Section Editor: Nada Sabourdin

Abstract

Background and Aims

Virtual reality has been shown to be an effective non-pharmacological intervention for reducing anxiety of pediatric patients. A newer immersive technology, that of augmented reality, offers some practical advantages over virtual reality, and also seems to show beneficial effects on anxiety. The main objective of this study was to determine whether augmented reality could reduce preoperative anxiety in pediatric patients undergoing elective day surgeries. A secondary outcome was to document the level of satisfaction from pediatric patients toward augmented reality intervention.

Methods

Children and adolescents aged between 5 and 17 years old scheduled for elective day surgery under general anesthesia were randomly divided into two groups. Patients in the control group received standard care, whereas patients in the augmented reality group were accompanied by two virtual characters who taught them relaxation techniques and provided emotional and informational support. Anxiety was measured at the time of admission and at the time of induction using the short version of the modified Yale Preoperative Anxiety Scale.

Results

The analysis included 37 pediatric patients in the augmented reality group and 64 in the control group. Anxiety scores were statistically significantly lower in the augmented reality group than those in the control group at the time of admission (median difference [95% CI]: 6.3 [0–10.4], p = .01), while no difference was observed between groups at the time of induction (median difference [95% CI]: −4.2 [−5.2–4.2], p = .58). Most patients in the augmented reality group wished to wear the glasses again and reported to be very satisfied with the intervention.

Conclusion

To our knowledge, this study is the first large randomized controlled trial to provide empirical evidence of reduction in anxiety for children and adolescents using augmented reality prior to induction of general anesthesia.

1 INTRODUCTION

The hospital environment is unfamiliar and stressful for both children and parents.

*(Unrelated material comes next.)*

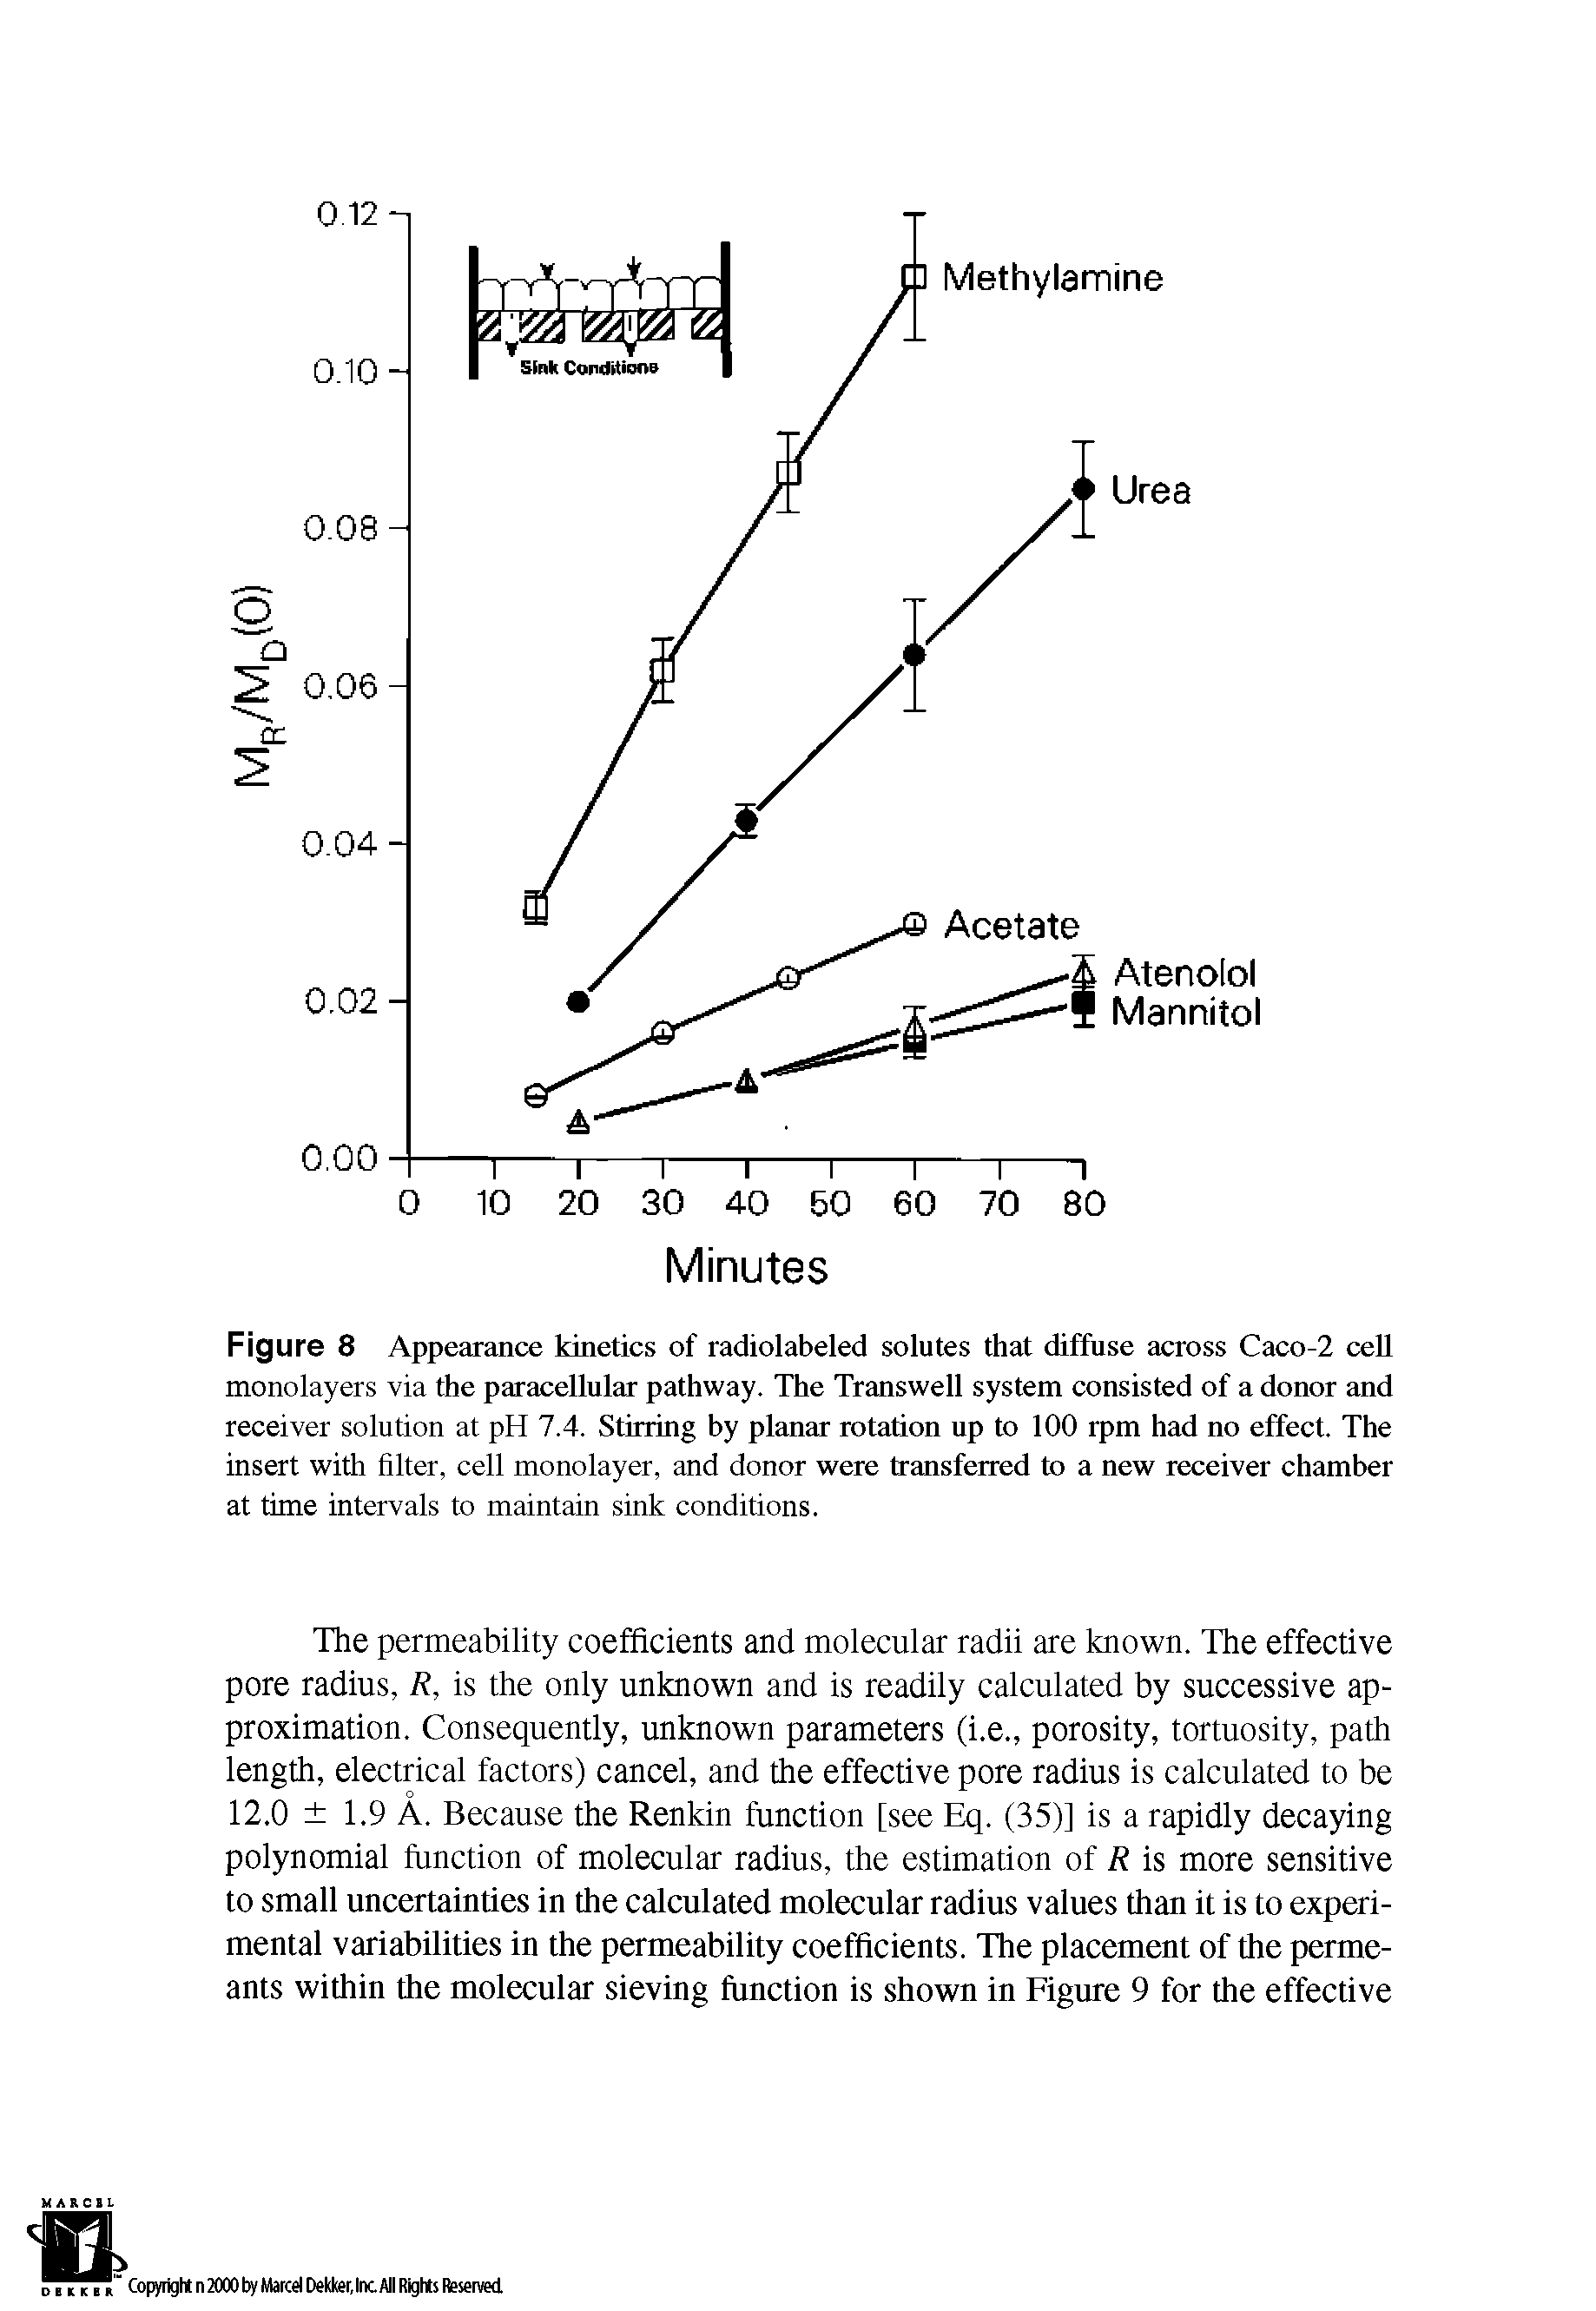 Figure 8 Appearance kinetics of radiolabeled solutes that diffuse across Caco-2 cell monolayers via the paracellular pathway. The Transwell system consisted of a donor and receiver solution at pH 7.4. Stirring by planar rotation up to 100 rpm had no effect. The insert with filter, cell monolayer, and donor were transferred to a new receiver chamber at time intervals to maintain sink conditions.
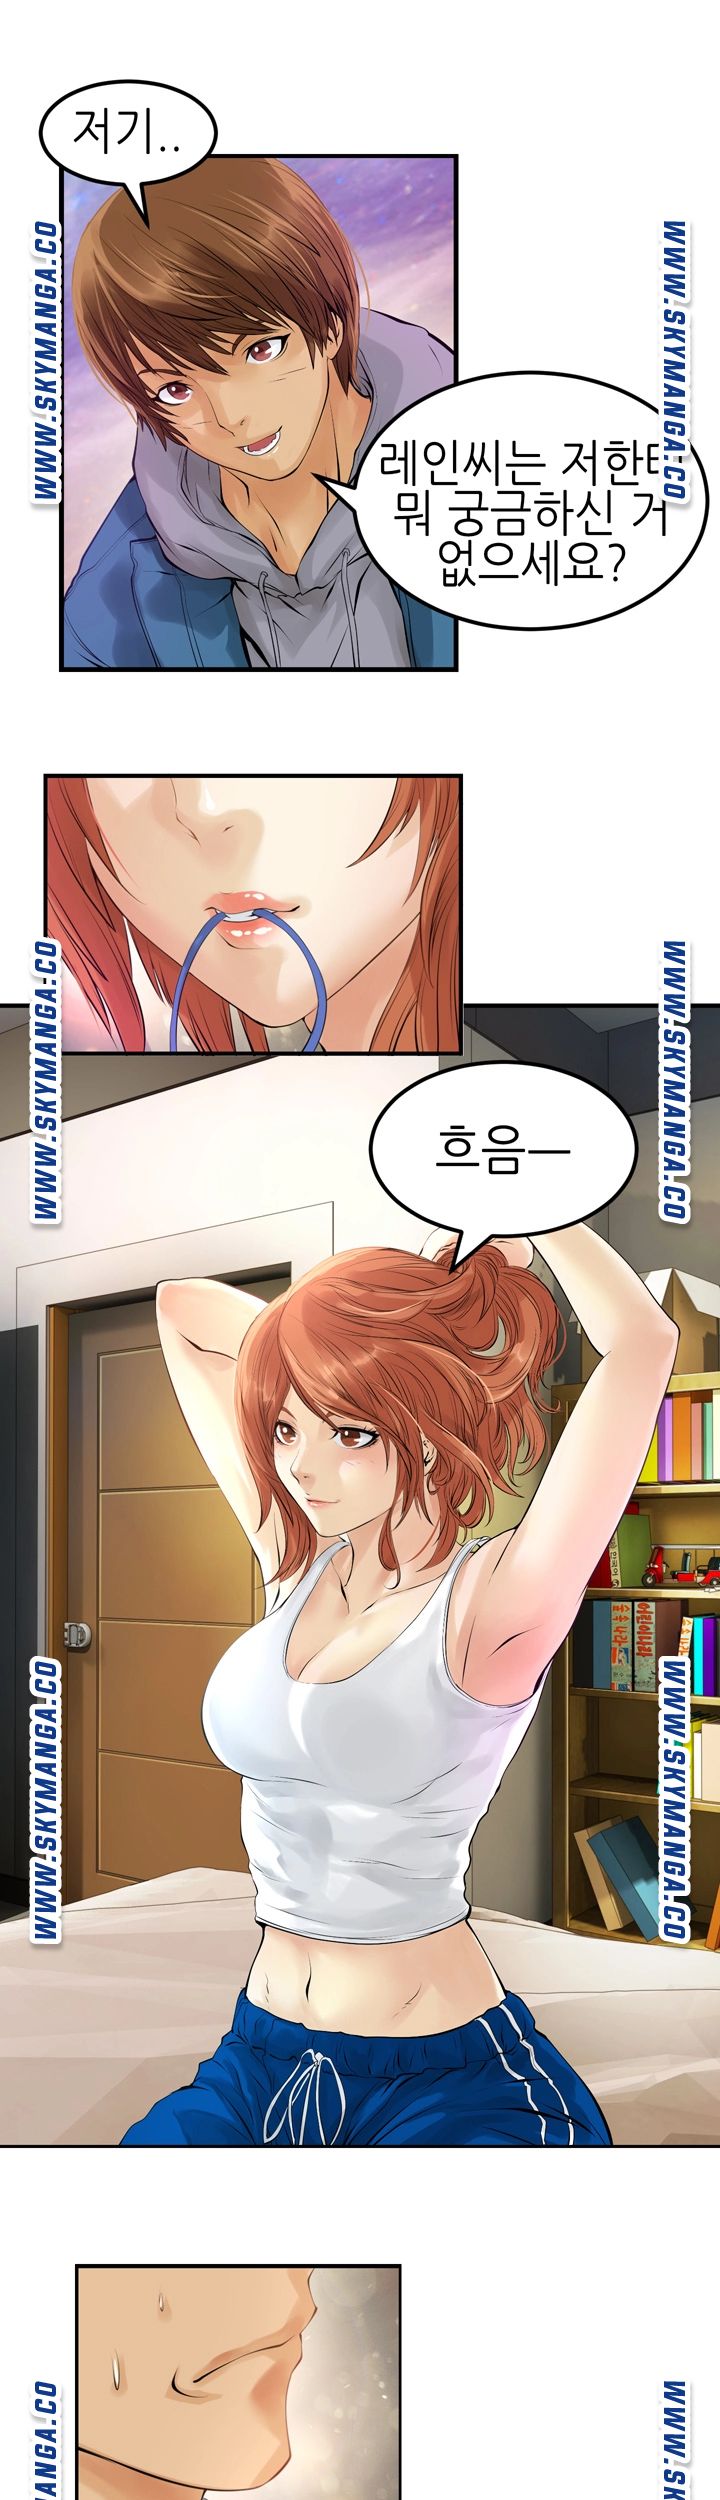 Exchange Student Raw - Chapter 3 Page 9

Children are highly susceptible to anxiety.1 Several studies report prevalence rates that range between 40% and 80% of pediatric patients showing signs of anxiety at some point in the perioperative period.2, 3 Preoperative anxiety can adversely affect patients in the perioperative period and beyond.4, 5 There is ample evidence that alleviating children's anxiety can improve recovery, mitigate postoperative pain, and improve the overall perioperative experience.6 Despite potential adverse side effects, the use of premedication remains a standard to control preoperative anxiety.7 Currently available non-pharmacological strategies for managing preoperative anxiety include parental presence during induction of anesthesia,1 various behavioral techniques for distraction—from clowns and music to immersive technologies8—and preprocedural educational tours of the perioperative setting.9

Over the last 5 years or so, researchers have increasingly studied immersive technology as a non-pharmacological solution for perioperative anxiety.10 Both virtual reality (VR) and augmented reality (AR) are immersive technologies that aim at extending an individual's sensory environment. Wearing a VR headset over their eyes, users are transposed to an artificial world via fully digital three-dimensional visualization, which provides a completely virtual closed environment. On the other hand, AR allows users to simultaneously view the real-world environment with a digital image overlay.11

There is substantial evidence showing that VR intervention is effective for perioperative anxiety.10 A systematic review revealed that seven out of eight VR studies reported a score of anxiety significantly lower in the VR groups compared to the control groups.12 The newer immersive technology of AR is increasingly used in many industries, including healthcare.13 More specifically, in pediatric care, it has been used in recent years as a mean to manage preoperative anxiety. To our knowledge, three case reports showed preliminary positive results of using AR14: (i) one child (age = 11) and his parents who opted for AR glasses over the VR headset as a playful distraction technique during preinduction intravenous access15; (ii) the satisfactory use of AR during the induction of general anesthesia in a case study of three children16 (mean age = 8.7); and (iii) in a case study with three children, AR was shown to reduce fear during pediatric otolaryngology procedures17 (mean age = 14.7).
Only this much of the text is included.